Different constraints for source vs target:

loss = SamplesLoss(
    loss="sinkhorn",
    blur=0.1,
    reach_x=1.0,   # Relax source marginal
    reach_y=None,  # Keep target marginal strict (balanced)
)

Early Stopping

loss = SamplesLoss(
    loss="sinkhorn",
    blur=0.1,
    n_iters=100,
    threshold=1e-3,       # Stop when potential change < threshold
    inner_iterations=10,  # Check every N iterations
)

Hessian-Vector Product

x = torch.randn(4096, 64, device="cuda", requires_grad=True)
y = torch.randn(4096, 64, device="cuda")
v = torch.randn_like(x)

loss = SamplesLoss(loss="sinkhorn", blur=0.1)
cost = loss(x, y)

# First-order gradient
grad_x = torch.autograd.grad(cost, x, create_graph=True)[0]

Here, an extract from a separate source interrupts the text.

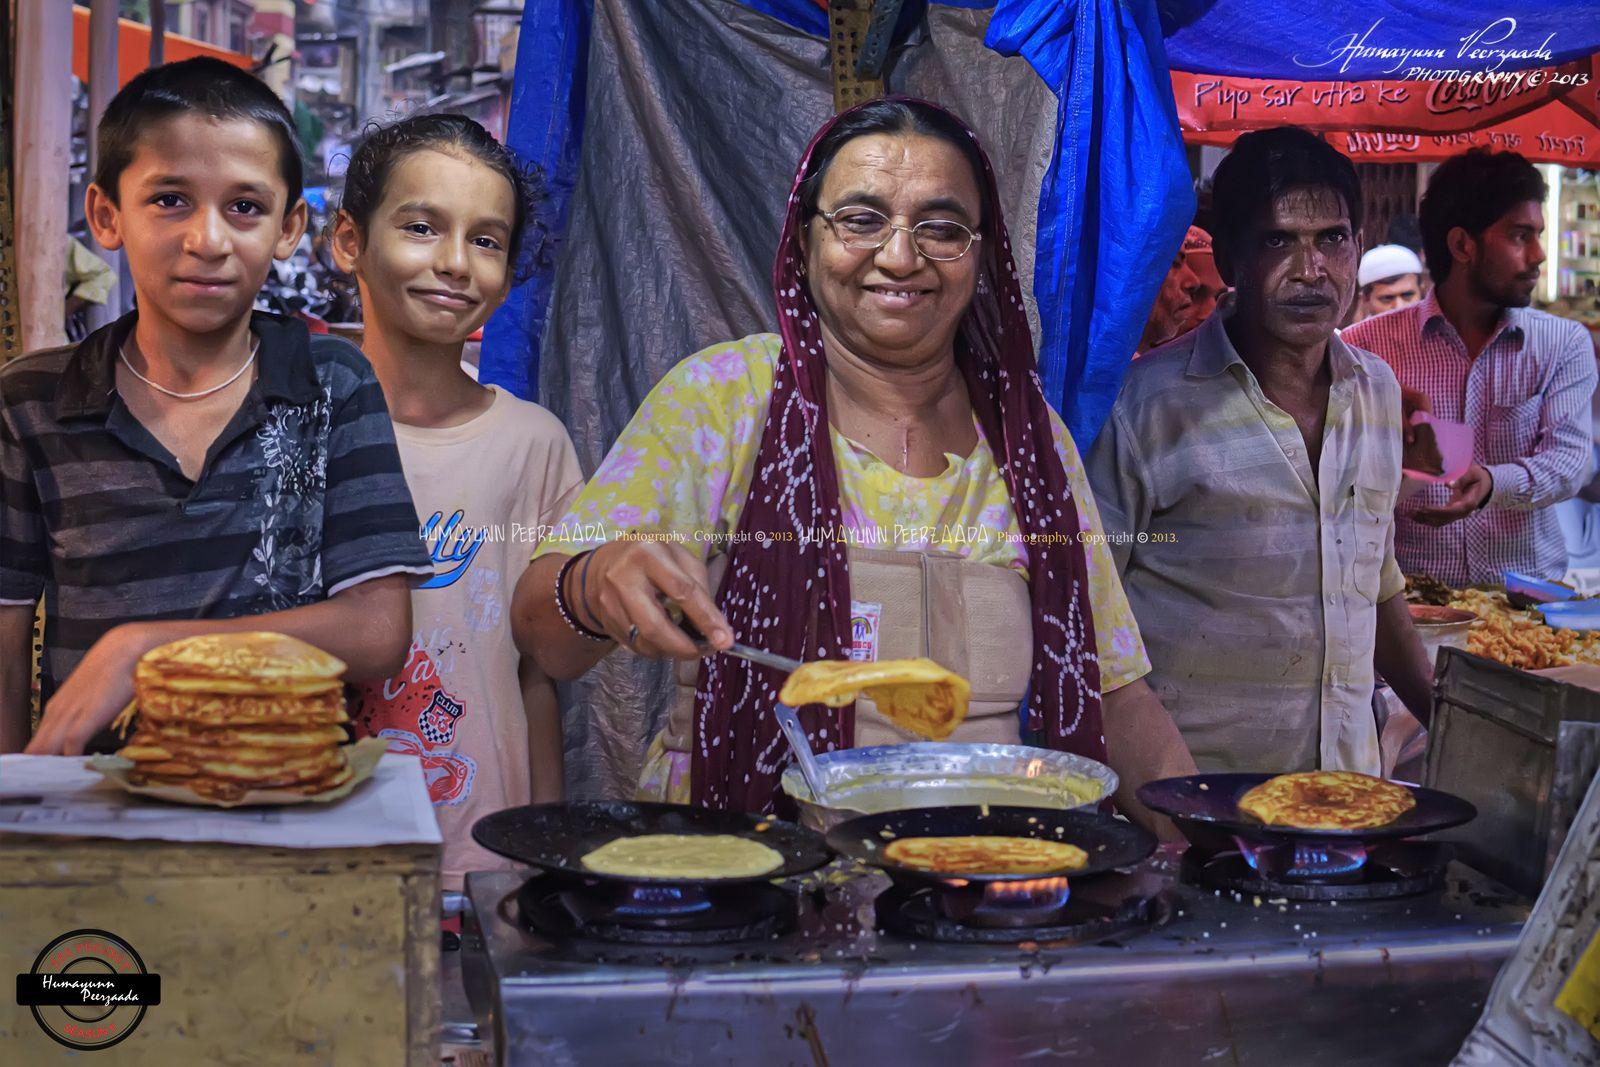 Bhandoli (pancake), Zubeidaa's Bai Stall,  just past Chinese 'n' Grill, IM Road, Foodlane, Mohd Ali Road, Mumbai, Maharashtra - India | by Humayunn Niaz Ahmed Peerzaada

# HVP via double backward (uses streaming CG solver)
hvp = torch.autograd.grad((grad_x * v).sum(), x)[0]

API Reference

SamplesLoss

SamplesLoss(
    loss="sinkhorn",
    p=2,                      # Only p=2 supported (squared Euclidean)
    blur=0.05,                # Regularization: eps = blur^2
    debias=True,              # Debiased Sinkhorn divergence
    half_cost=False,          # Use ||x-y||²/2 to match GeomLoss
    reach=None,               # Unbalanced OT (None = balanced)
    reach_x=None,             # Semi-unbalanced: source marginal
    reach_y=None,             # Semi-unbalanced: target marginal
    scaling=0.5,              # Epsilon annealing factor
    n_iters=None,             # Max iterations (None = use scaling)
    threshold=None,           # Early stopping threshold
    inner_iterations=10,      # Check convergence every N iters
)

Low-Level API

from ot_triton.kernels.sinkhorn_triton_geomloss_sqeuclid import (
    sinkhorn_geomloss_online_potentials_sqeuclid,
)
from ot_triton.kernels.sinkhorn_triton_grad_sqeuclid import (
    sinkhorn_geomloss_online_grad_sqeuclid,
)
from ot_triton.hvp import hvp_x_sqeuclid_from_potentials

Key Concepts

Cost Convention

FlashSinkhorn default: C(x,y) = ||x-y||²
GeomLoss p=2 default: C(x,y) = ||x-y||²/2
Use half_cost=True to match GeomLoss

Memory Efficiency

FlashSinkhorn streams tiles of (x,y) and computes costs on-the-fly:

Forward: O(nd) memory (no n×m cost matrix)
Gradient: O(nd) memory (streaming accumulation)
HVP: O(nd) memory (CG solver with streaming matvec)

Numerical Stability

Uses exp2/log2 for stable LSE computation
Safe log/division guards against underflow
TF32 disabled by default for reproducibility

Benchmarks

Compare FlashSinkhorn against GeomLoss (KeOps) and OTT-JAX.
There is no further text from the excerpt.